▸ Source material:
# # #

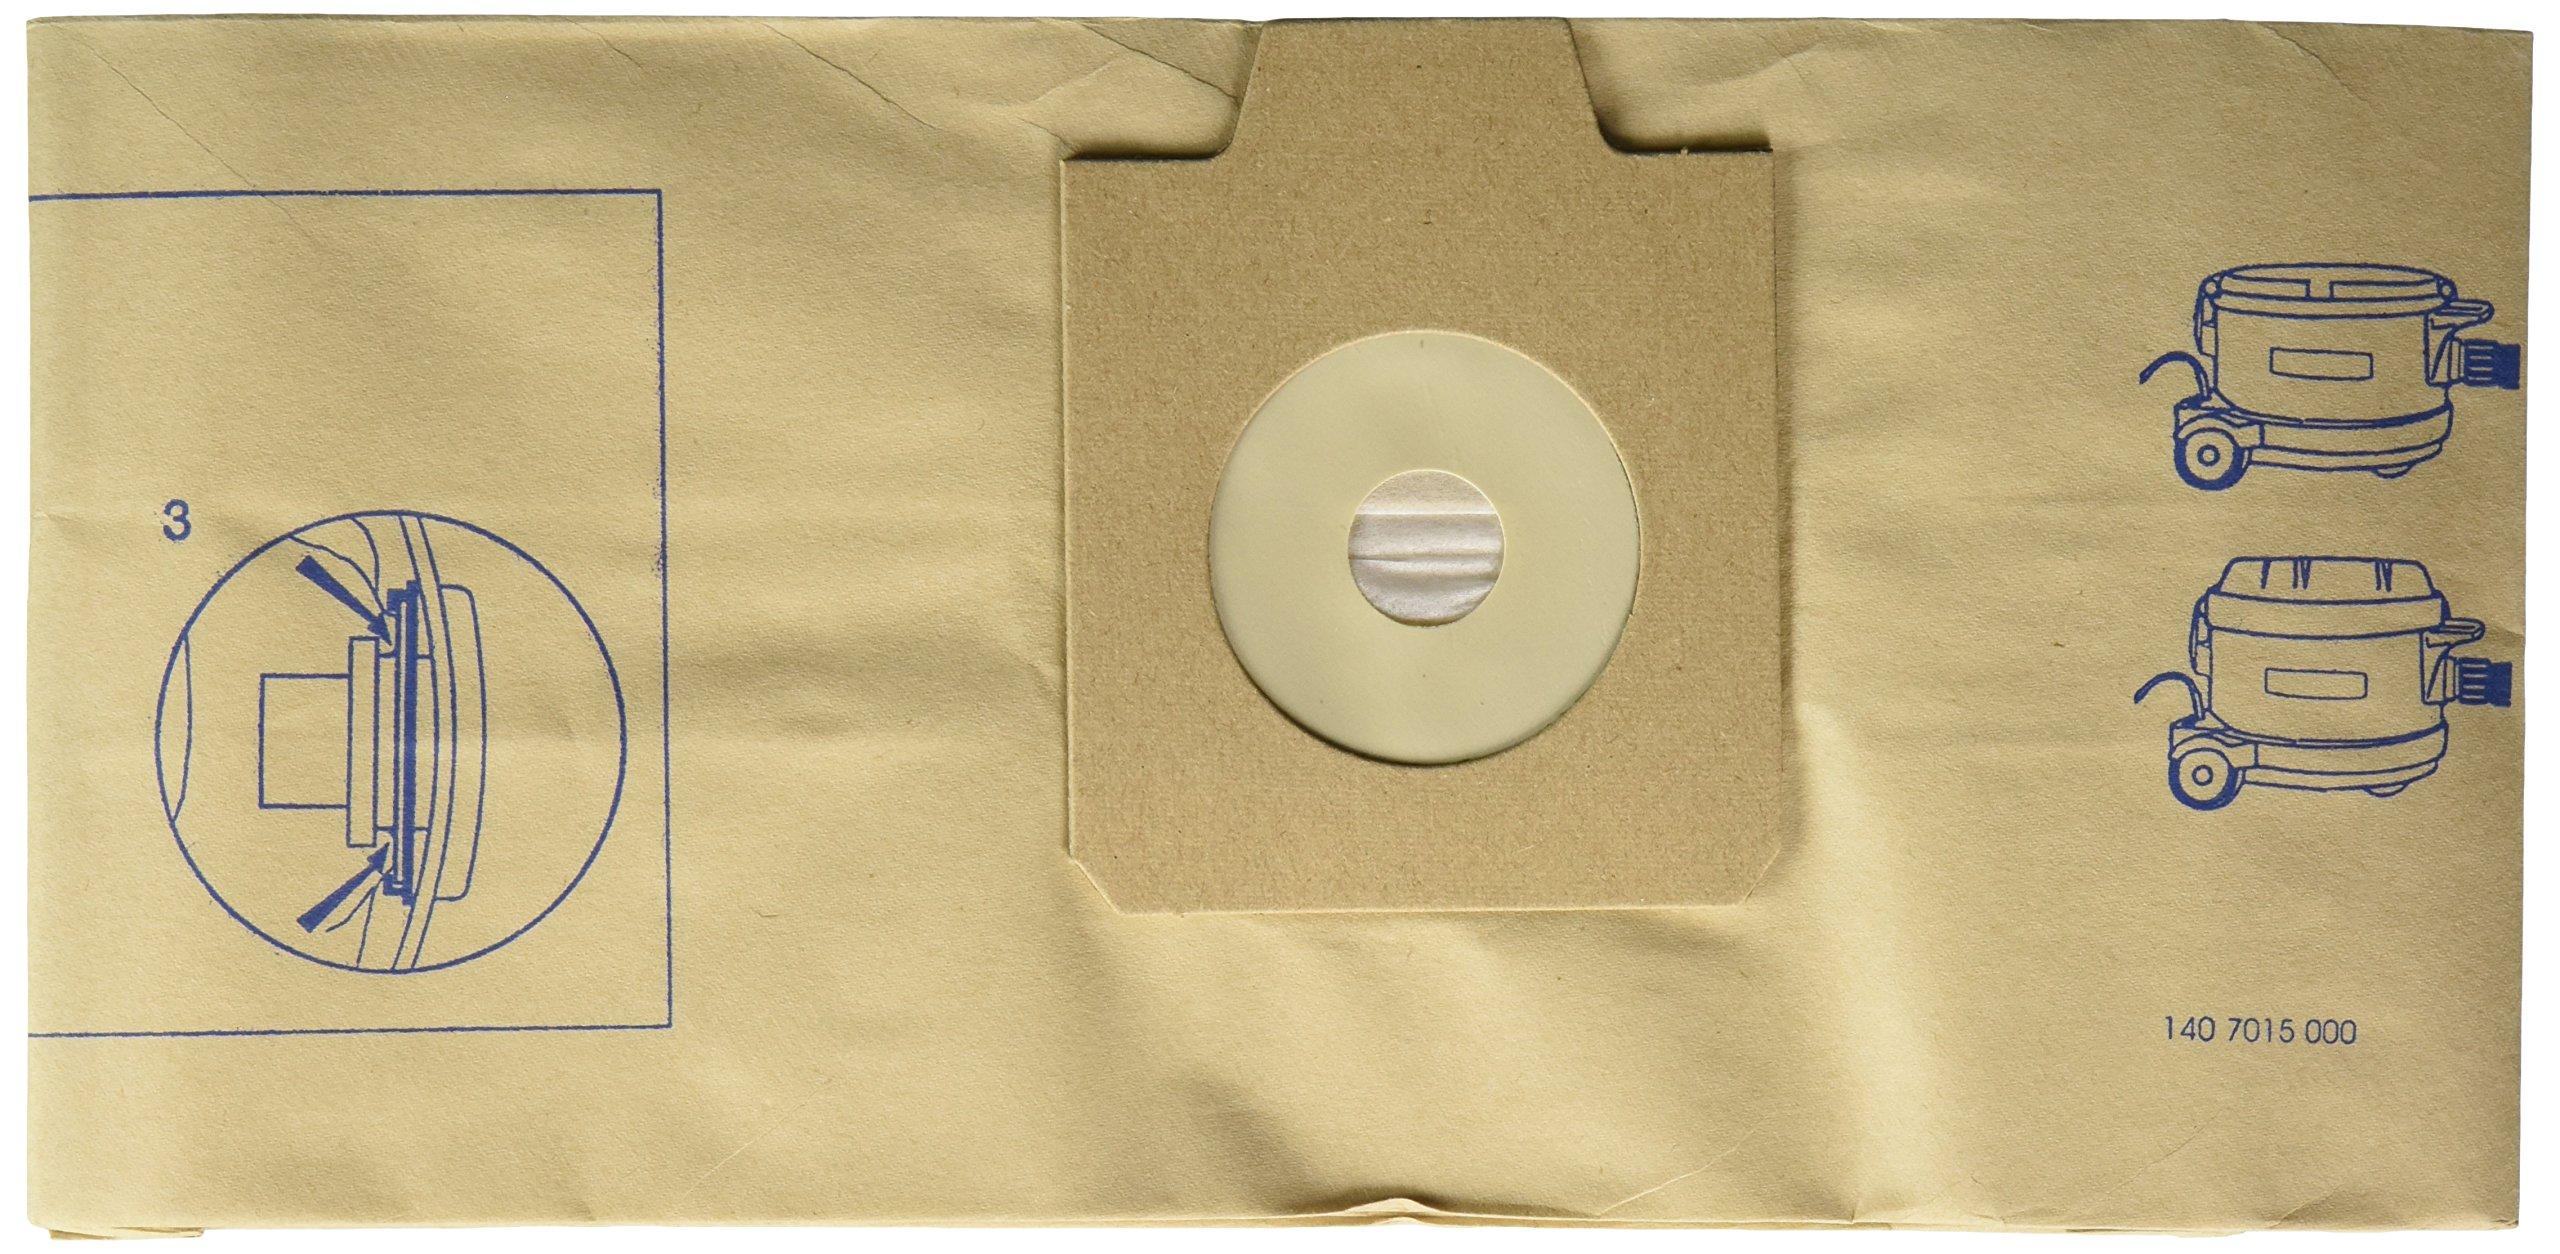 Nilfisk Gd930 Dp9000 Vacuum Filter Bags 5pk 1407015020
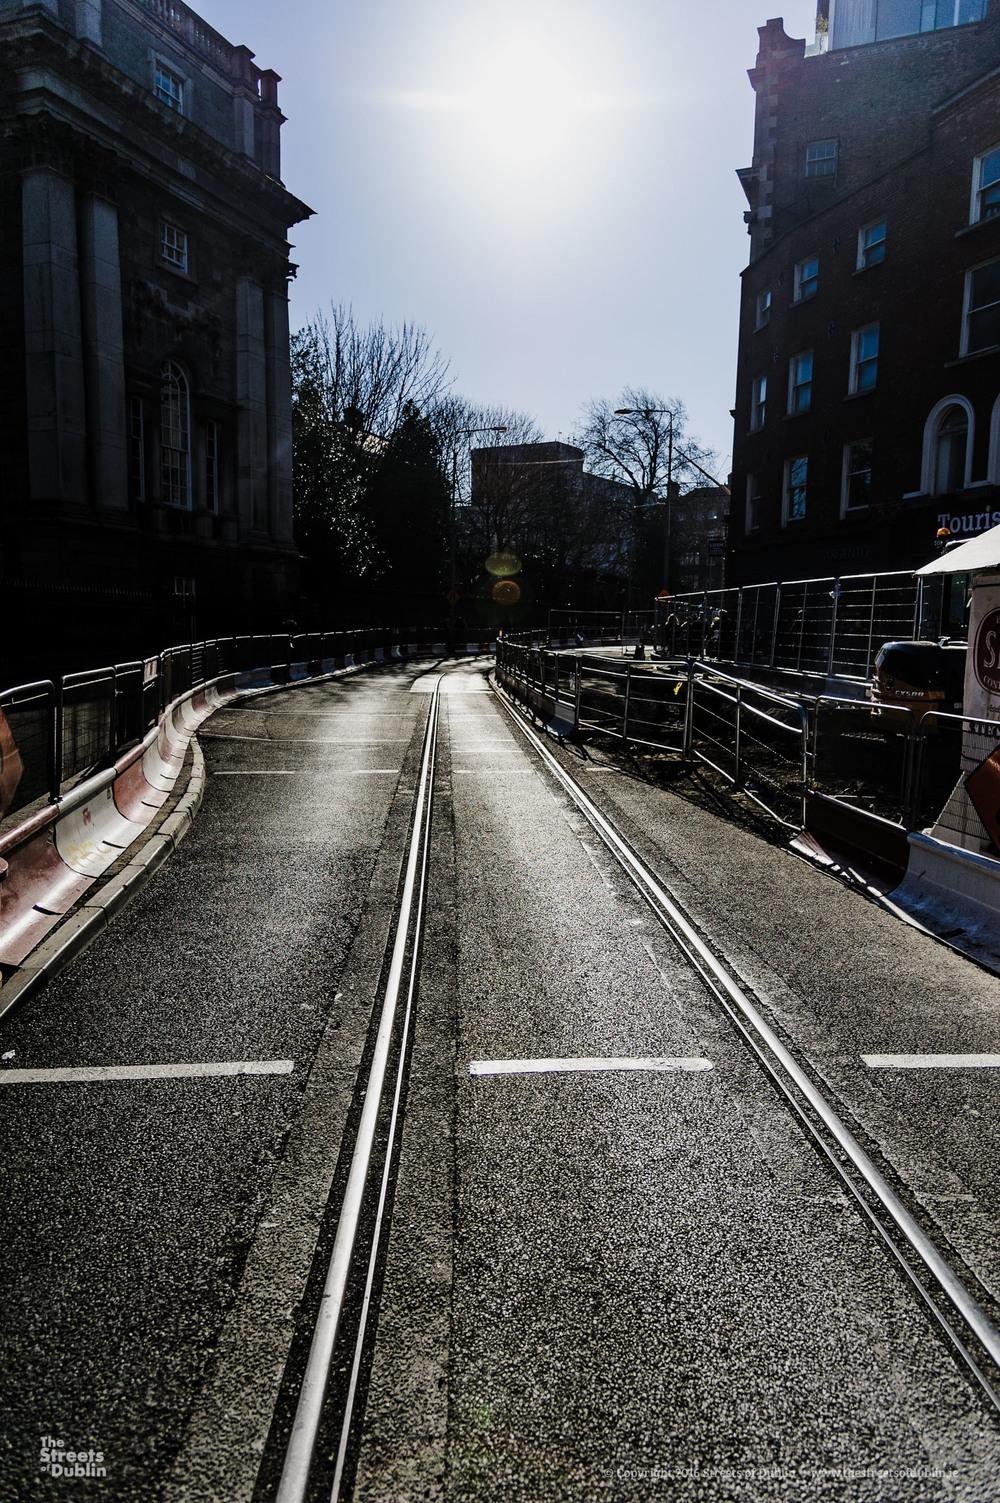 Streets-of-Dublin-Photo-1444.jpg
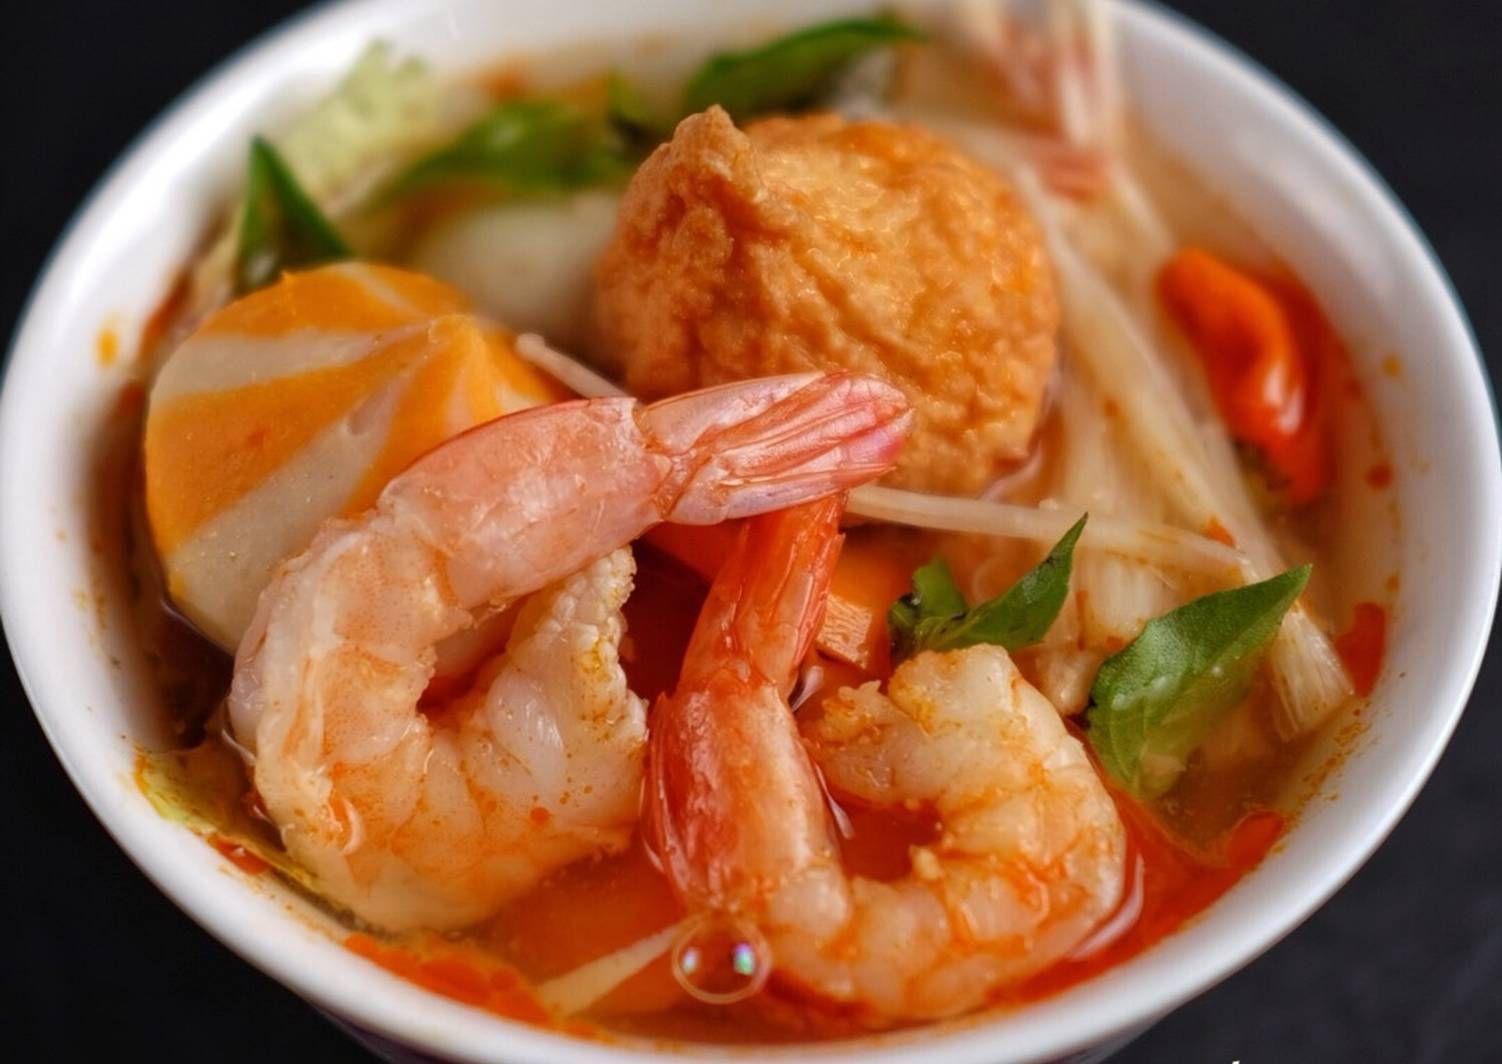 Resep Sup Tomyum Pedas Oleh Susi Agung Resep Resep Sup Resep Masakan Indonesia Resep
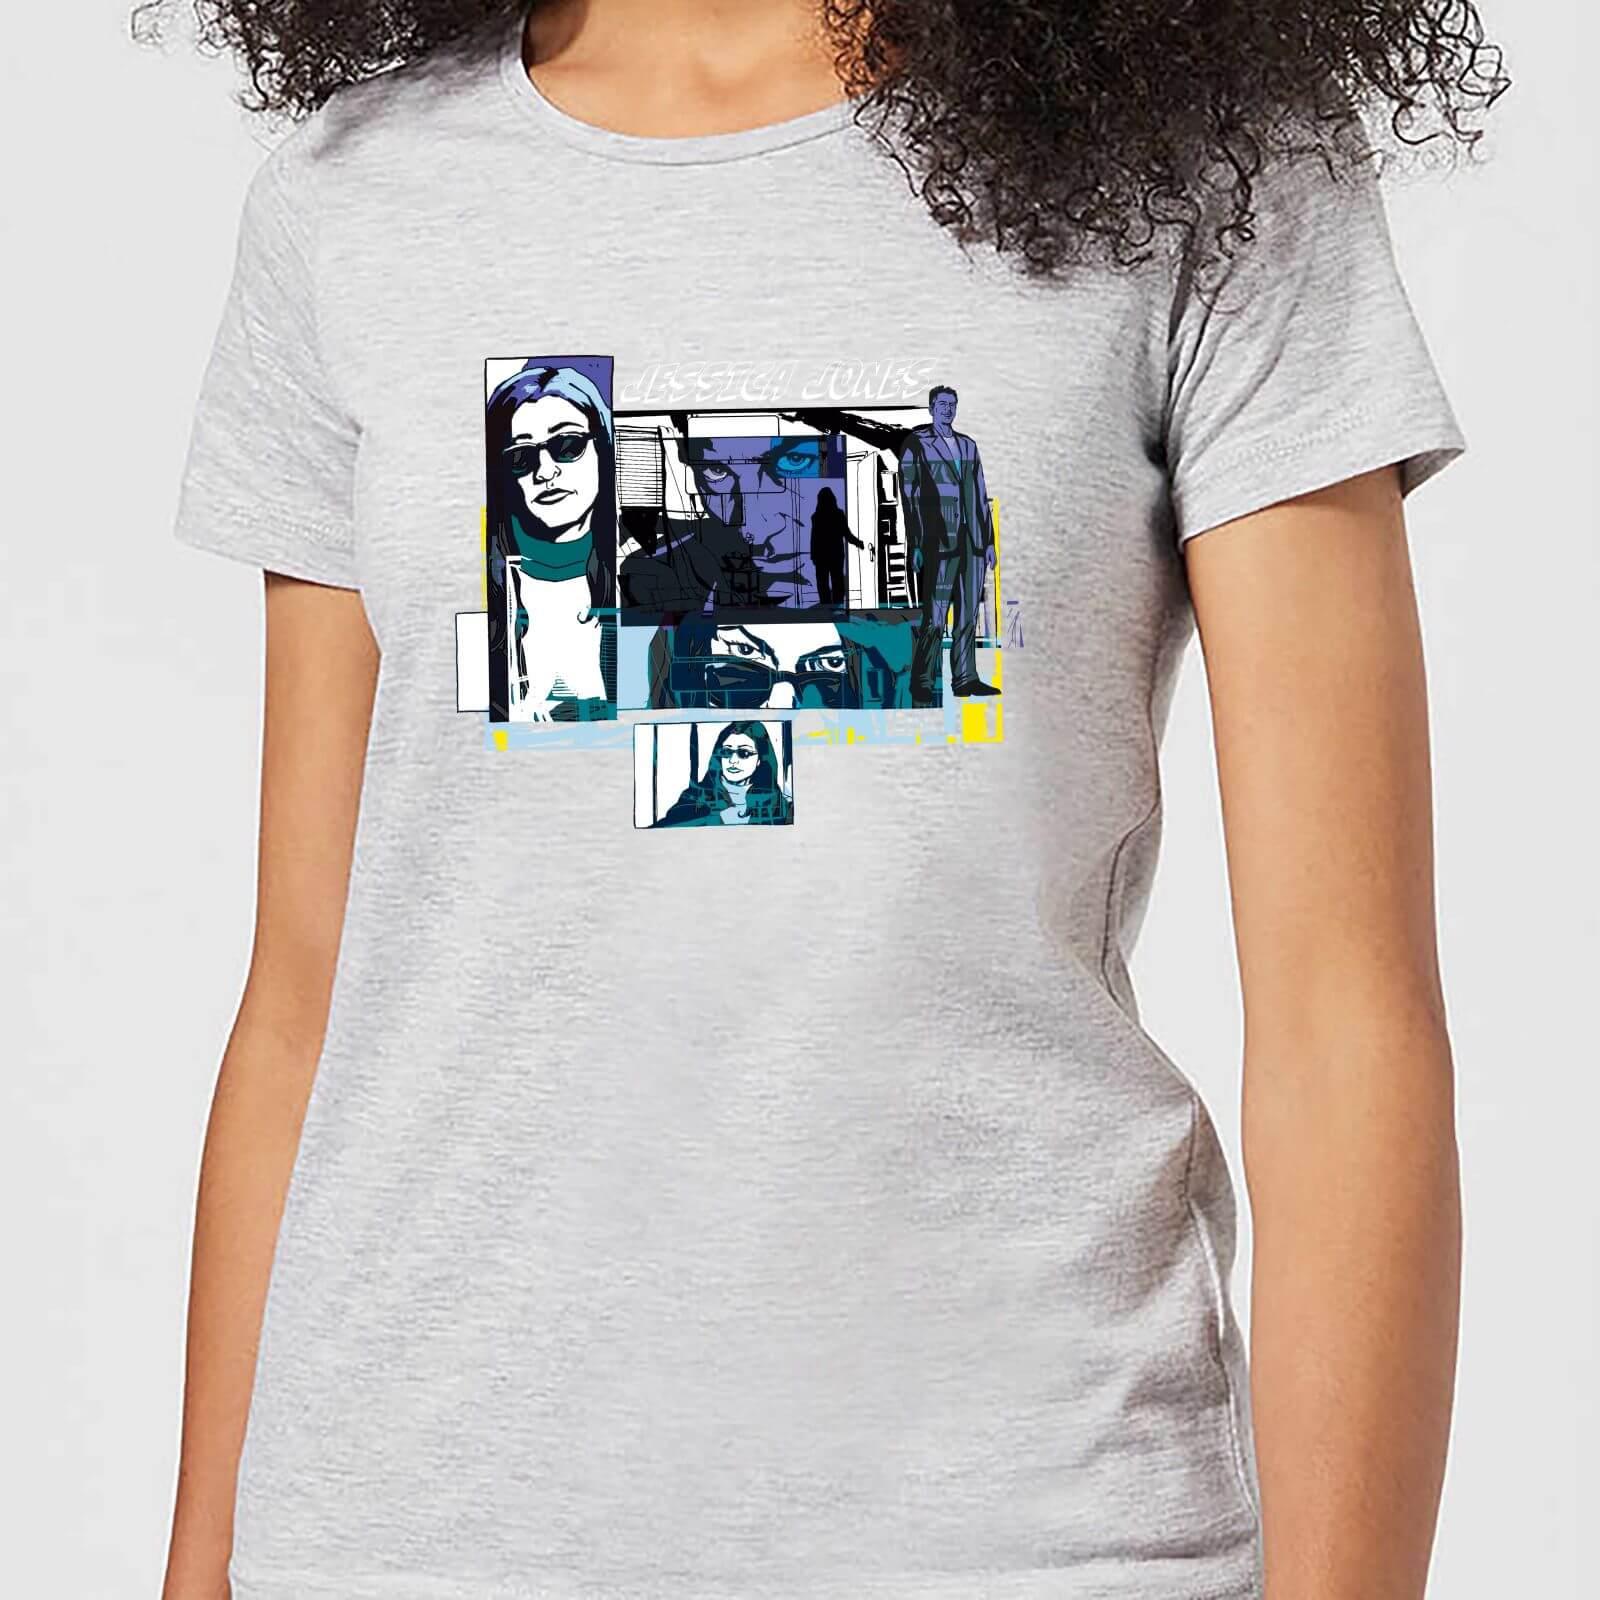 OfferteWeb.click 72-t-shirt-marvel-knights-jessica-jones-comic-panels-grigio

# # #

▸ Problem details: Output nothing but an exact retyping of the material, pictures excluded.

▸ Your response:
 Nilfisk Gd930 Dp9000 Vacuum Filter Bags 5pk 1407015020
 Streets-of-Dublin-Photo-1444.jpg
 Resep Sup Tomyum Pedas Oleh Susi Agung Resep Resep Sup Resep Masakan Indonesia Resep
 OfferteWeb.click 72-t-shirt-marvel-knights-jessica-jones-comic-panels-grigio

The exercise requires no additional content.